The privileged nature of the advice and counsel of employment lawyers must not be taken for granted, and it is hoped that the court’s ruling in 'In re Grand Jury' will clarify and provide clear guidelines regarding the privilege’s application to counsel’s activities.
By Philip M. Berkowitz | November 9, 2022
Employment lawyers spend their days consulting with their clients, guiding them through troublesome human resources issues, recommending disciplinary approaches, drafting performance improvement plans, drafting scripts for meetings between lawyers and their clients, and providing other assistance in the hope of avoiding legal difficulties and employment litigation.
Clients and their lawyers reasonably expect that this advice is protected by the attorney-client privilege or the work product doctrine. Itis provided in response to requests for legal advice in scenarios that may well pose significant legal risk.
But how reasonable is the expectation that the advice is privileged? The issue may receive helpful clarity from the U.S. Supreme Court, which recently accepted for review, in light of a split in the circuits, the issue of whether and when “dual-purpose communications” are protected by the attorney- client privilege.
In In re Grand Jury, 23 F.4th 1088 (9th Cir.), cert. granted, —S. Ct. —-, 2022 WL 4651237 (2022), the U.S. Court of Appeals for the Ninth Circuit observed, “[g]iven our increasingly complex regulatory landscape, attorneys often wear dual hats, serving as both a lawyer and a trusted business advisor.”

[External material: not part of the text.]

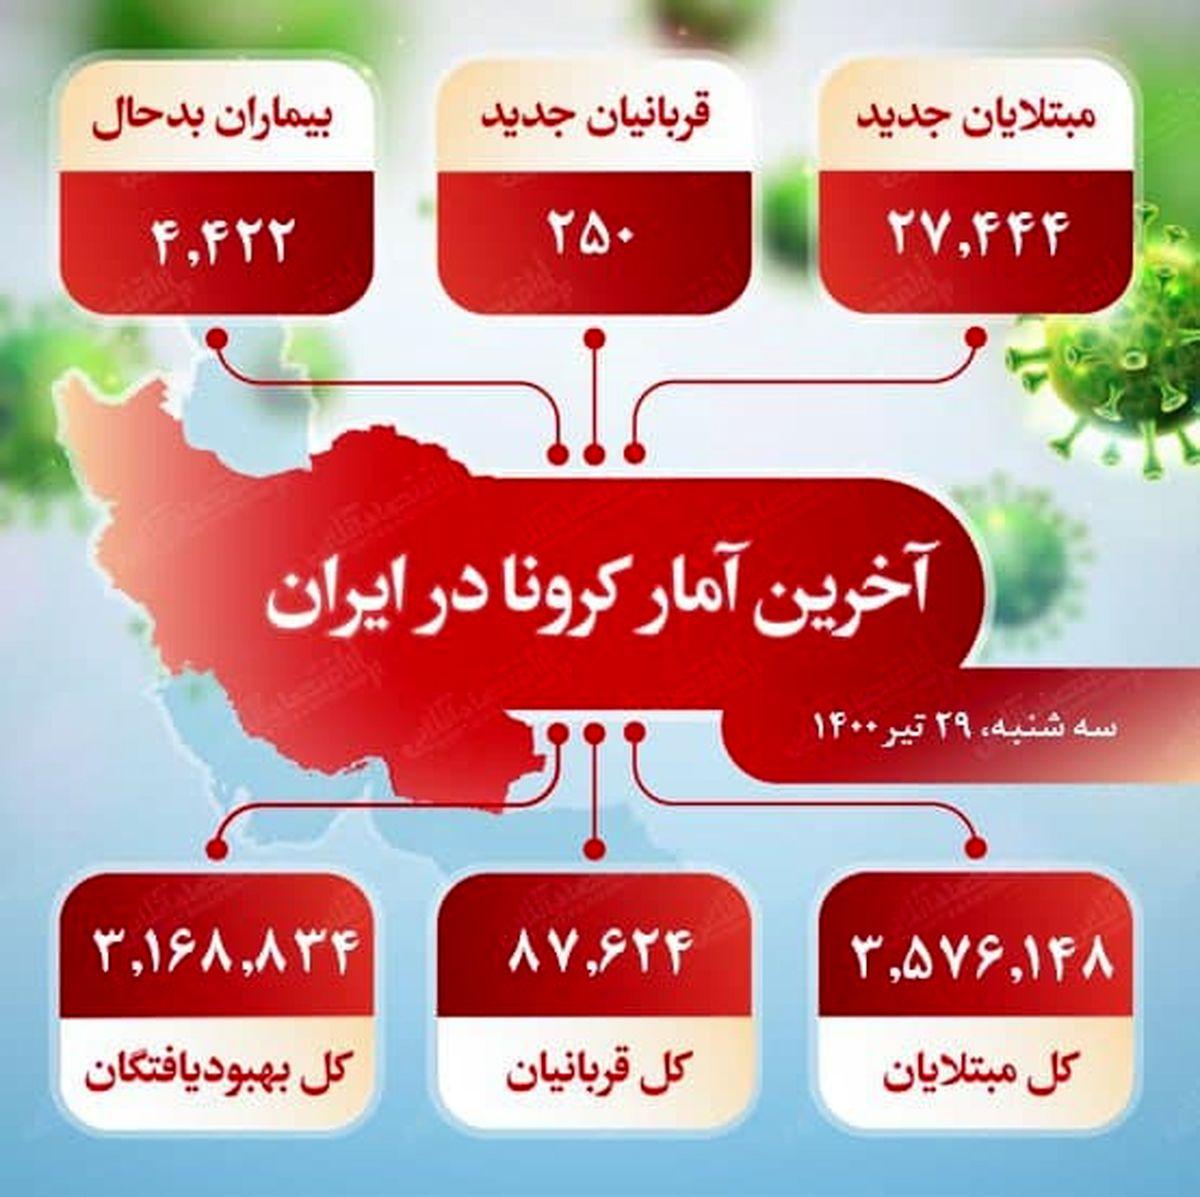 آخرین آمار کرونا در ایران (۱۴۰۰/۴/۲۹)

The question for the court was whether the privileged nature of “dual-purpose communications,” consisting of both business and legal advice, should be determined under a “primary purpose” or a “because of” test.
Under the primary purpose test, courts consider whether the primary purpose of the communication is to give or receive legal advice, as opposed to business or tax advice. (In re Grand Jury arises out of the employer’s challenges to grand jury subpoenas seeking information concerning tax-related matters.)
The because-of test, however, does not consider whether litigation was a primary or secondary motive behind the creation of a document. Instead, it considers the totality of the circumstances, and affords protection when it can be fairly said that the document was created because of anticipated litigation and would not have been created in substantially similar form but for the prospect of that litigation.
The because-of test is a broader test and thus more forgiving test than the primary purpose test, because it looks only for a causal connection, and not a primary reason. Id.
The court held that the primary purpose test is the appropriate one for this analysis.
Why impose the stricter test on application of the privilege to these communications? Quoting the Restatement of the Law Governing Lawyers, the court noted that for the privilege to apply in the first place, the “client must consult the lawyer for the purpose of obtaining legal assistance and not predominantly for another purpose.”
And the court also cited the Supreme Court’s decision in Fisher v. United States, which held that the privilege “protects only those disclosures necessary to obtain informed legal advice which might not have been made absent the privilege.” 425 U.S. 391, 403(1976).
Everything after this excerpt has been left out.